Он поимённо назвал одиннадцать человек.

Меня он назвал шестым, и назвал хорошо, и мужики застучали кружками.

А потом он сказал:

– И вот что, товарищи. Работали вы так, как в этом хозяйстве давно не работали. Правление это видит. Правление в ближайшее время рассмотрит вопрос о премировании по итогам года.

Хлопали ему сильно и долго.

Я хлопал вместе со всеми и в этот момент поймал себя на том, что слушаю не то, что он сказал, а то, как он это сказал.

«Рассмотрит вопрос».

Я эту формулу знал. Я сам ею пользовался лет двадцать, и пользовался именно тогда, когда платить было нечем или не хотелось, и от неё была та особенная польза, что вроде бы всё обещано, а вроде бы и ничего.

Тут я, наверное, впервые за вечер посмотрел на людей за столами.

За столами сидело человек сто, и они хлопали, и лица у них были такие, будто им уже заплатили.

Про премию за столами считали весь вечер.

Считали негромко, но считали все.

– В семьдесят восьмом давали по сто двадцать.

– В семьдесят восьмом и урожай был другой.

– А в семьдесят третьем моему бате триста дали. Триста, при зарплате сто сорок!

– Так то в семьдесят третьем.

Мишка объявил, что меньше тысячи не возьмёт, и на него замахали.

Я в уме прикинул своё.

Фонд материального поощрения в прошлом году был восемнадцать тысяч на всё хозяйство при реализации на четыреста двенадцать. В этом реализация будет тысяч на шестьсот, а то и больше – только на сверхплановой сдаче девятьсот тонн, а сверхплановое идёт по повышенной цене.

Значит, фонд должен быть не восемнадцать, а тысяч двадцать пять – тридцать.

Механизаторов, шоферов и комбайнёров, работавших на уборке, – человек сорок пять. Плюс ток, плюс мастерская.

По-хорошему передовику выходило рублей триста – триста пятьдесят. При моей зарплате в двести десять это было почти две месячные.
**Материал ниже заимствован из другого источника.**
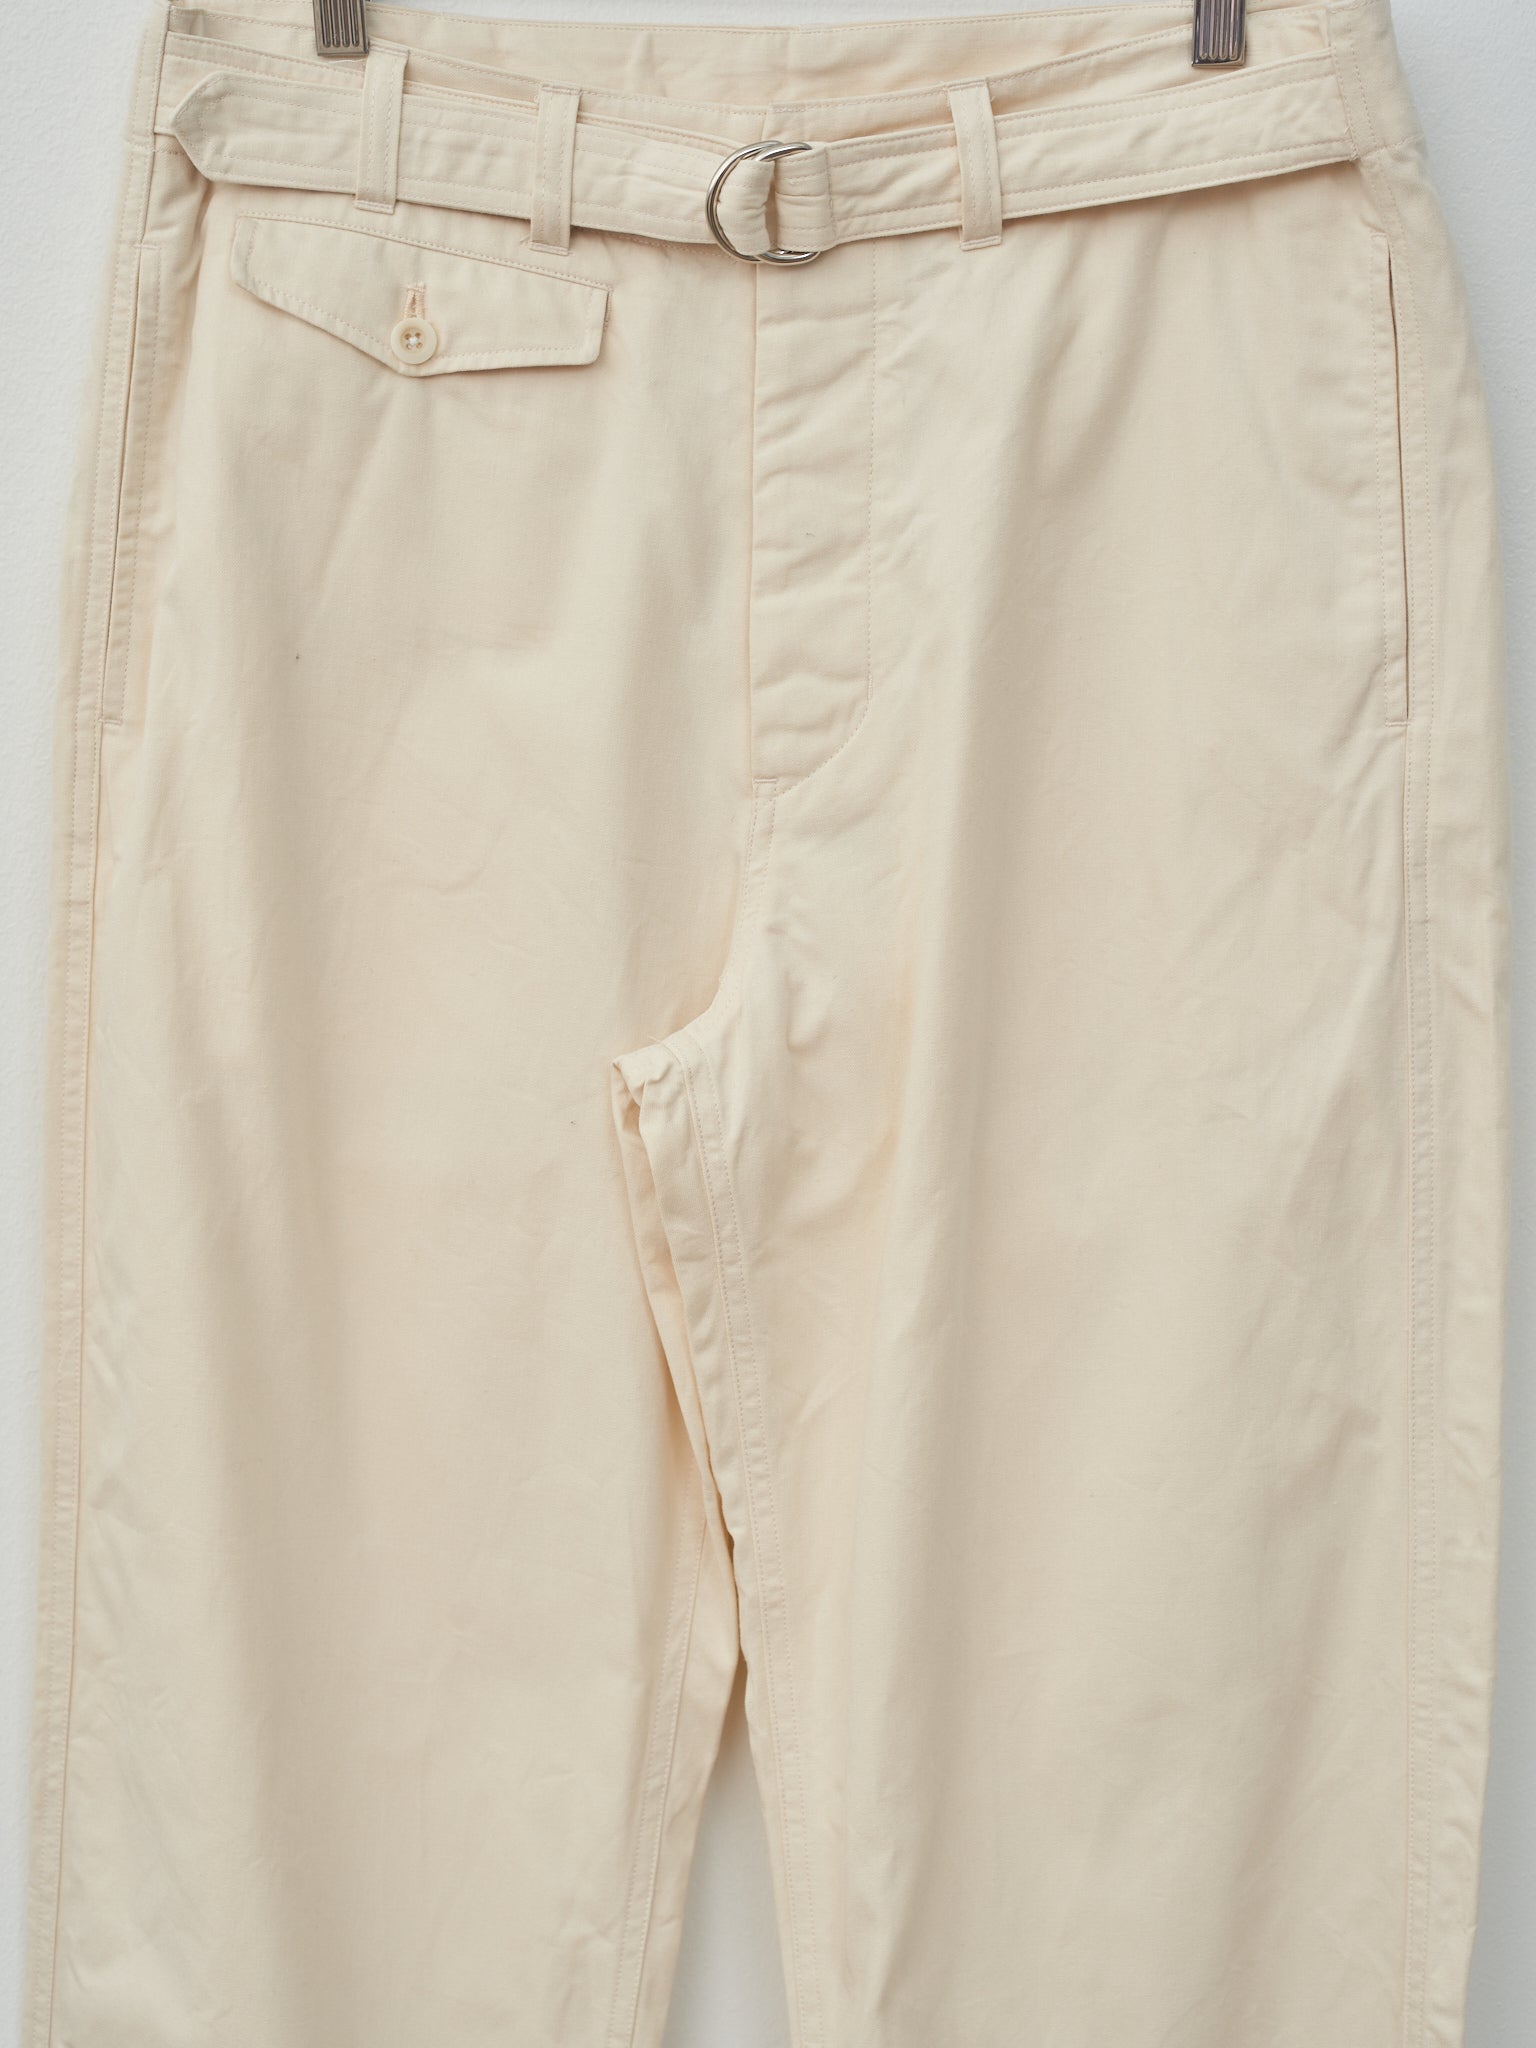 Namu Shop - ts(s) Cotton Slub D-Ring Belted Pants - Natural

Я прикинул это и убрал в голову.

Убрал и, надо сказать, обрадовался, потому что триста пятьдесят рублей – это были очень хорошие деньги, и я уже знал, куда их дену.

Аркадий Павлович уехал через двадцать минут.

Он не остался – сел в машину и уехал, и это было нормально, председатели на гулянках не сидят.

Зина ушла ещё раньше.

Она вообще пробыла недолго: пришла в восемь, села с краю, у баб, выпила полстакана вина и в четверть десятого поднялась.

Я её перехватил у ворот.

– Зинаида Петровна.

– Да?

– Вы что-то рано.

– У меня отчёт.

– В субботу?

– В субботу. – Зина застёгивала кофту. – Я в понедельник еду с Аркадием Павловичем в район.

– Зачем?

Она застегнула последнюю пуговицу.

– Отчёт везём.

– Хороший отчёт-то?

Зина подняла голову и посмотрела на меня – коротко, снизу вверх, – и вот в этом взгляде было что-то, чего я в тот вечер не разобрал.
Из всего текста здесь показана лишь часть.